Missgraeme Wed 03-Aug-16 10:06:26

Take the pushchair and sell it. Tell mil u did - as like u told her u didn't need /want it. Show her u are taking control of her attempts to control u. Buy something u want the baby to have!!

emmyr84 Wed 03-Aug-16 12:10:55

Dragons, she isn't being blocked at every attempt. She's been utterly vile to me. Announcing my gestational diabetes to our table at a family wedding. Trying to persuade dh to buy another pram (while I was at the till arranging delivery of the one we'd chosen). Taking my baby from my arms in hospital, despite me telling her to wait a minute and later telling me she had seen the look on my face but still done it anyway. To taking my dd into her workplace, knowing I suffered from anxiety, that we couldn't follow and causing a near full blown panic attack. Amongst several other incidents. And through all of this my dh has been useless. Forgive me for not wanting to give her the control that she obviously wants!

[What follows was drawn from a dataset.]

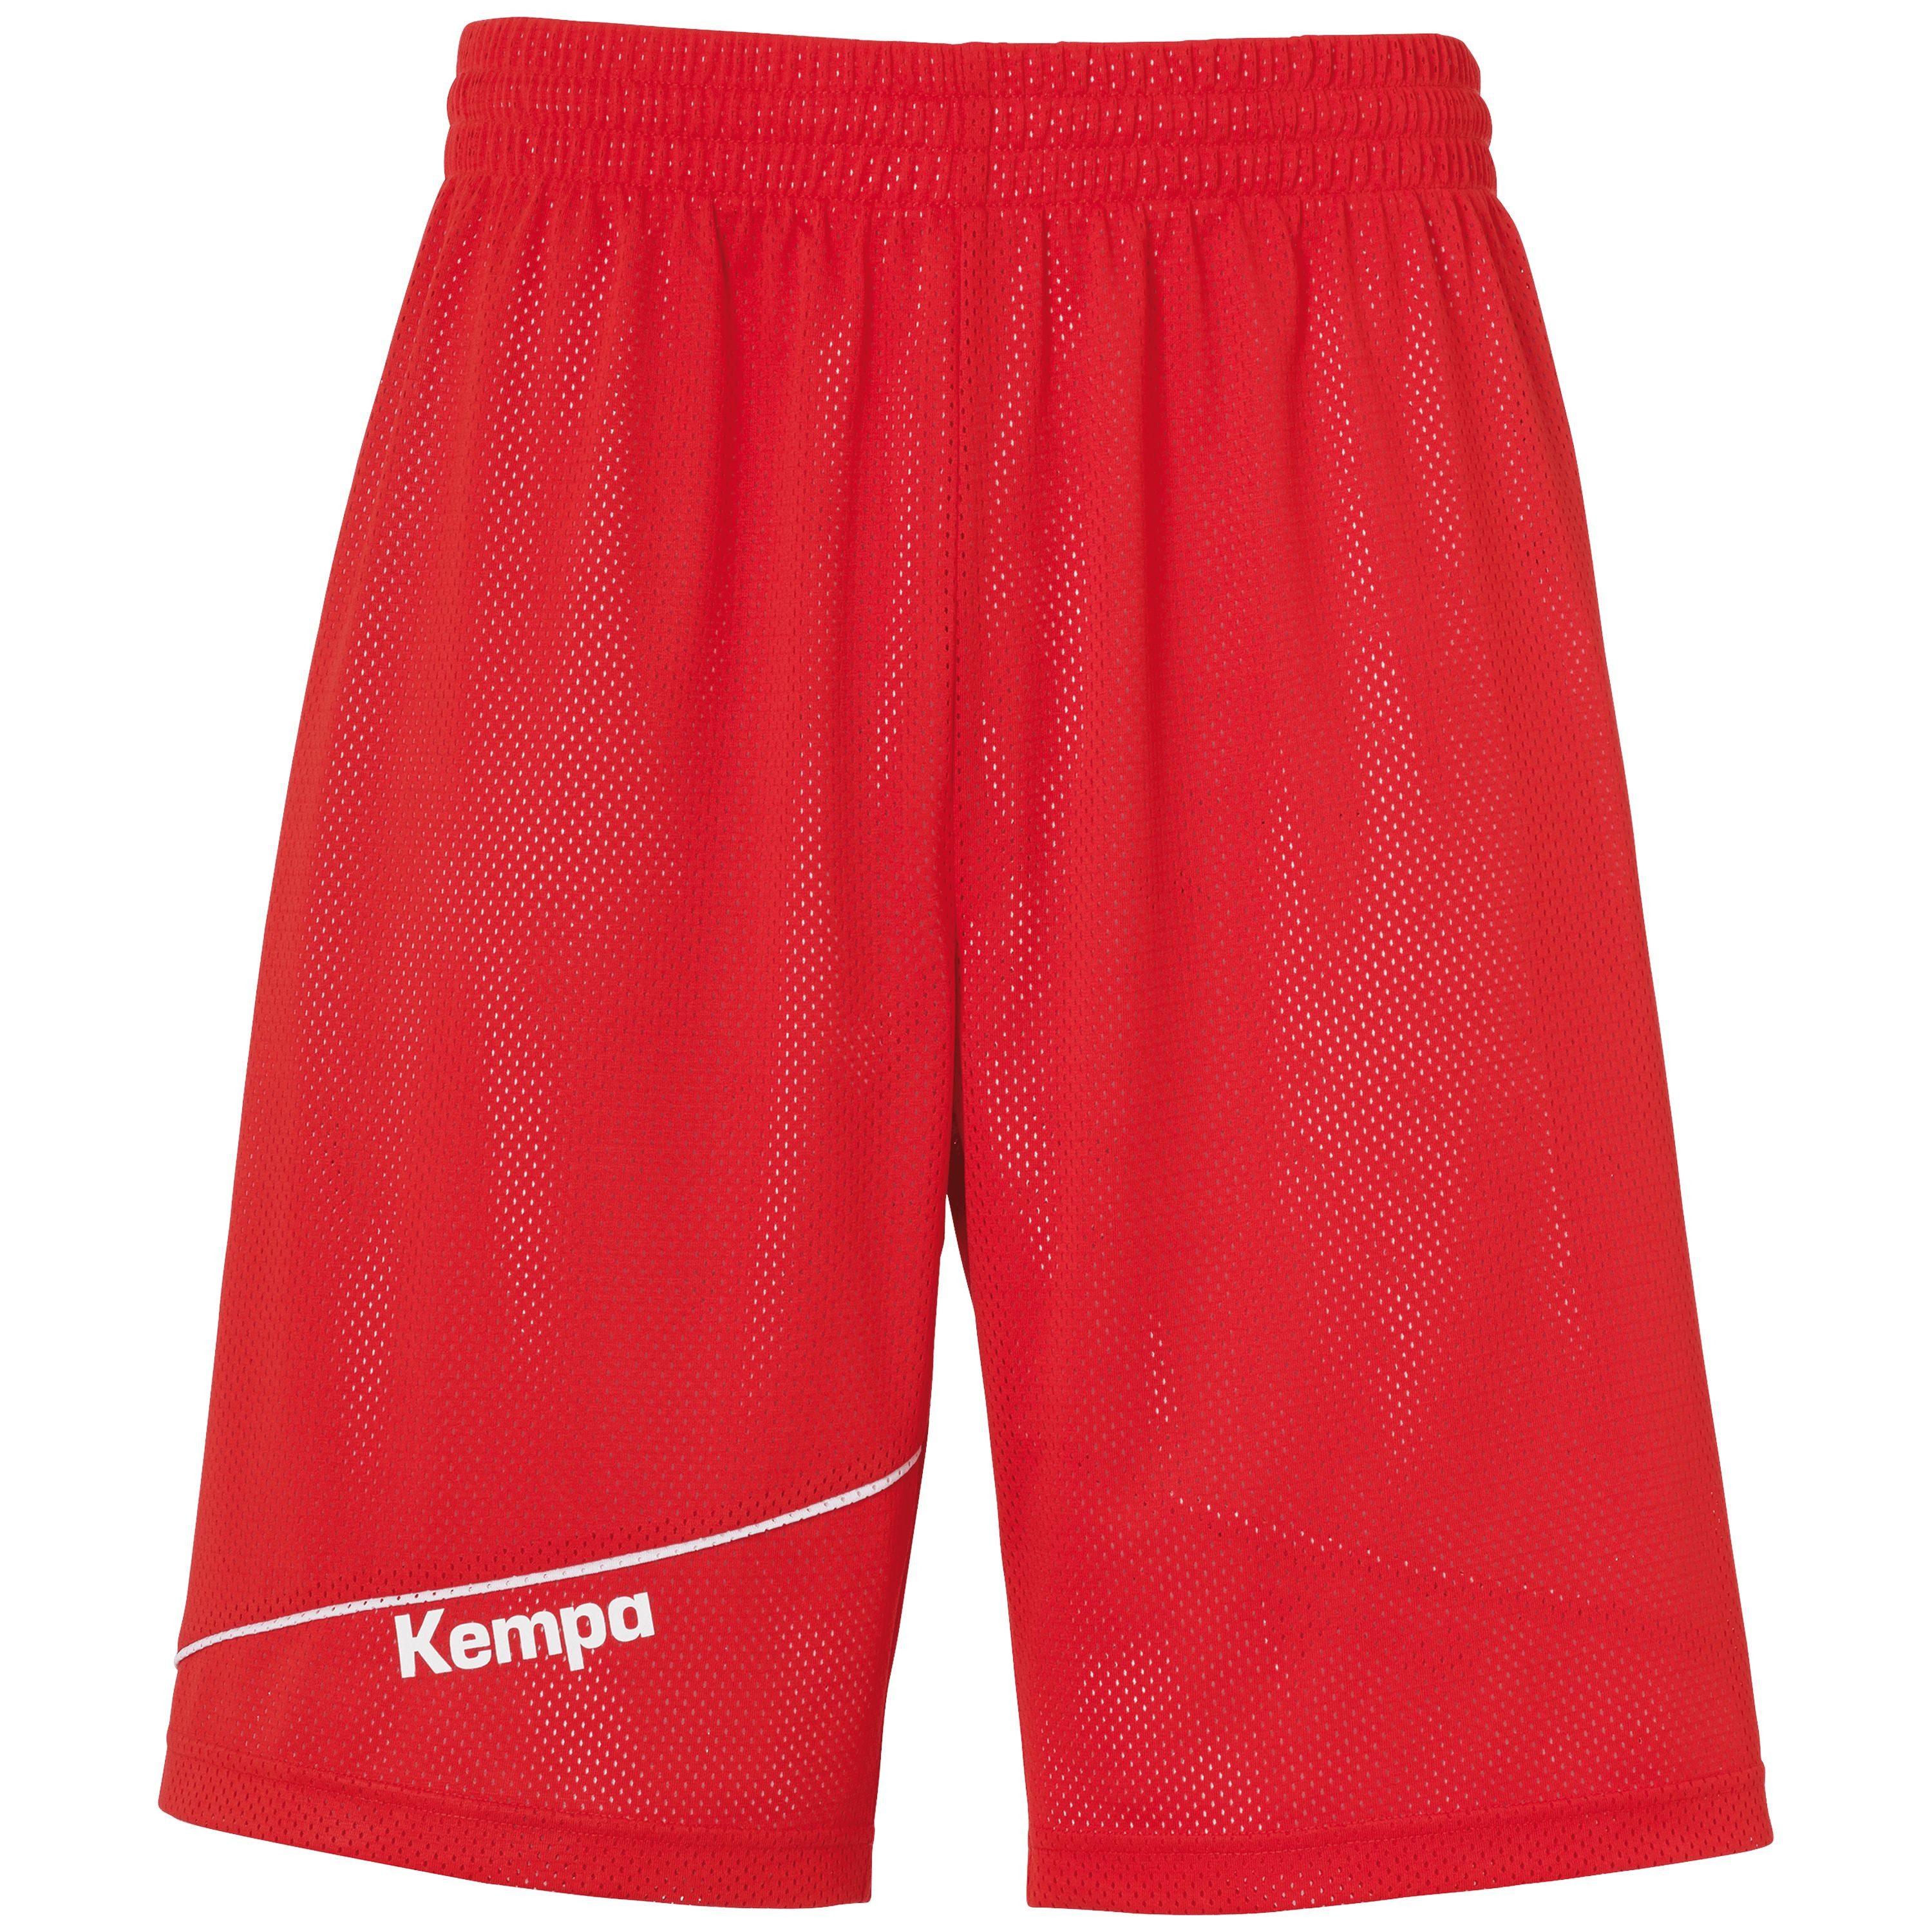 Kempa Trainingshose Reversible Shorts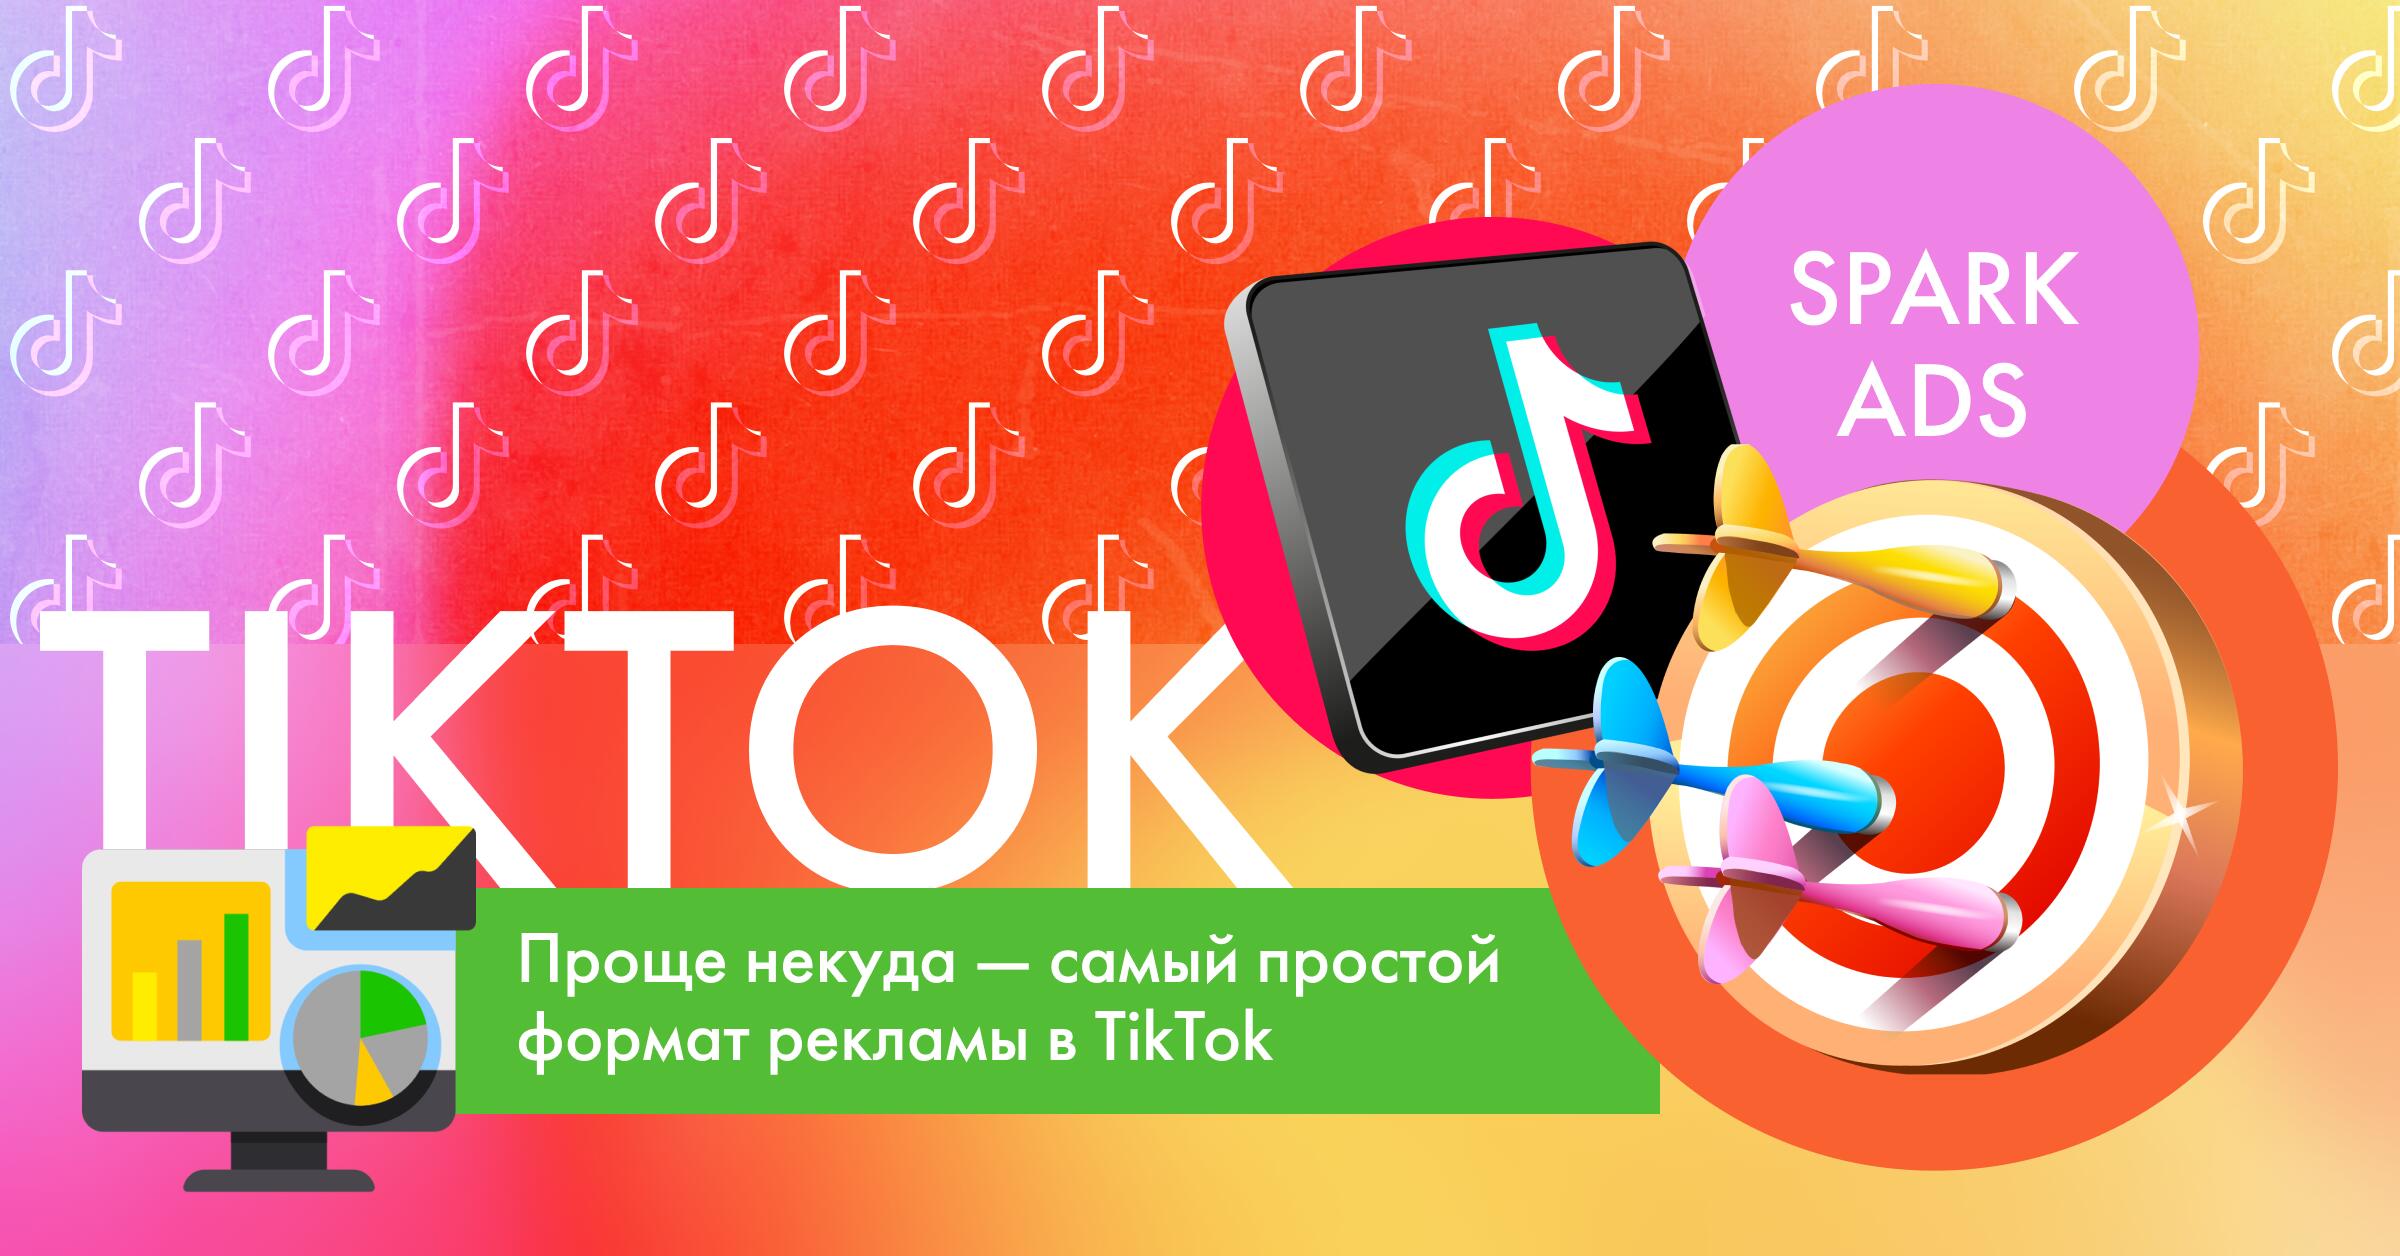 Что такое Spark Ads в TikTok и как их запустить?

Attila, I think it was you who suggested I buy a particular book. I've downloaded it today and will be getting stuck into it once dd goes to sleep tonight.

I really am contemplating lowering contact even further because it really is getting ridiculous and dh has proven time and time again that he isn't fussed about me or my feelings. She's even resorted to dropping hints about starting weaning (I think so she can take dd out on her own). Though I'm in no rush to do so as dd is thriving on bf and the current guidelines are not to start weaning until 6 months if possible.